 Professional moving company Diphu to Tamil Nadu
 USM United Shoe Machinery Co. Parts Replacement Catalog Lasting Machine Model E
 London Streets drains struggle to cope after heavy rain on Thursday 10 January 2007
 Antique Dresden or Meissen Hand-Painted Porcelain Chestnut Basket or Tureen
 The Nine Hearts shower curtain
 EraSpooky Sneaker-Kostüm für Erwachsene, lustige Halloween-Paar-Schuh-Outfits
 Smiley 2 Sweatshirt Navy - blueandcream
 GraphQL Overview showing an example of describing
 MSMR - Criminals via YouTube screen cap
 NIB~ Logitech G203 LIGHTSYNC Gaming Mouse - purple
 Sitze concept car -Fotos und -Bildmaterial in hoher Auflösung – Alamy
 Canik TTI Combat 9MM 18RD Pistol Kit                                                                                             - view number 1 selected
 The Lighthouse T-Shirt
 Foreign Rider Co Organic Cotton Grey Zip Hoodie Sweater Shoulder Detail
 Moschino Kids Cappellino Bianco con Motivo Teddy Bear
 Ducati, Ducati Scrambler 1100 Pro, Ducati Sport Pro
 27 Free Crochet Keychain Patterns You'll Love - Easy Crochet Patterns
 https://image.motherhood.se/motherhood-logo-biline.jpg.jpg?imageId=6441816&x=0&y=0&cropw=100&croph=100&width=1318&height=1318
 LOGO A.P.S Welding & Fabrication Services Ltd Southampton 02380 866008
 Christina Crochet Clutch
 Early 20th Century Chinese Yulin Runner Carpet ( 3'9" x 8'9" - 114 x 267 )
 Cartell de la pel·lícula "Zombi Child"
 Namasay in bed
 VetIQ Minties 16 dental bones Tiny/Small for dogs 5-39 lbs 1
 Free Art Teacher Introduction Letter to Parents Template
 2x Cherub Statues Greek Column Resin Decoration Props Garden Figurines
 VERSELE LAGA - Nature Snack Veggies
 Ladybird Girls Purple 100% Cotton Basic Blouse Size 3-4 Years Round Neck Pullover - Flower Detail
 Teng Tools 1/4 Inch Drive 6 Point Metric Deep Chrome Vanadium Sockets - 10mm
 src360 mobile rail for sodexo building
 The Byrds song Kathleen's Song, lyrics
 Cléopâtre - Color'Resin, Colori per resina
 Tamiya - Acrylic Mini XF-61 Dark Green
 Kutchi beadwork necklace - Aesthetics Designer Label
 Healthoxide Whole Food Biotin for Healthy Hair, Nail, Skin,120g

============

The task — Each line of the listing should be copied exactly, with none left out.

Response to the exercise —
 Professional moving company Diphu to Tamil Nadu
 USM United Shoe Machinery Co. Parts Replacement Catalog Lasting Machine Model E
 London Streets drains struggle to cope after heavy rain on Thursday 10 January 2007
 Antique Dresden or Meissen Hand-Painted Porcelain Chestnut Basket or Tureen
 The Nine Hearts shower curtain
 EraSpooky Sneaker-Kostüm für Erwachsene, lustige Halloween-Paar-Schuh-Outfits
 Smiley 2 Sweatshirt Navy - blueandcream
 GraphQL Overview showing an example of describing
 MSMR - Criminals via YouTube screen cap
 NIB~ Logitech G203 LIGHTSYNC Gaming Mouse - purple
 Sitze concept car -Fotos und -Bildmaterial in hoher Auflösung – Alamy
 Canik TTI Combat 9MM 18RD Pistol Kit                                                                                             - view number 1 selected
 The Lighthouse T-Shirt
 Foreign Rider Co Organic Cotton Grey Zip Hoodie Sweater Shoulder Detail
 Moschino Kids Cappellino Bianco con Motivo Teddy Bear
 Ducati, Ducati Scrambler 1100 Pro, Ducati Sport Pro
 27 Free Crochet Keychain Patterns You'll Love - Easy Crochet Patterns
 https://image.motherhood.se/motherhood-logo-biline.jpg.jpg?imageId=6441816&x=0&y=0&cropw=100&croph=100&width=1318&height=1318
 LOGO A.P.S Welding & Fabrication Services Ltd Southampton 02380 866008
 Christina Crochet Clutch
 Early 20th Century Chinese Yulin Runner Carpet ( 3'9" x 8'9" - 114 x 267 )
 Cartell de la pel·lícula "Zombi Child"
 Namasay in bed
 VetIQ Minties 16 dental bones Tiny/Small for dogs 5-39 lbs 1
 Free Art Teacher Introduction Letter to Parents Template
 2x Cherub Statues Greek Column Resin Decoration Props Garden Figurines
 VERSELE LAGA - Nature Snack Veggies
 Ladybird Girls Purple 100% Cotton Basic Blouse Size 3-4 Years Round Neck Pullover - Flower Detail
 Teng Tools 1/4 Inch Drive 6 Point Metric Deep Chrome Vanadium Sockets - 10mm
 src360 mobile rail for sodexo building
 The Byrds song Kathleen's Song, lyrics
 Cléopâtre - Color'Resin, Colori per resina
 Tamiya - Acrylic Mini XF-61 Dark Green
 Kutchi beadwork necklace - Aesthetics Designer Label
 Healthoxide Whole Food Biotin for Healthy Hair, Nail, Skin,120g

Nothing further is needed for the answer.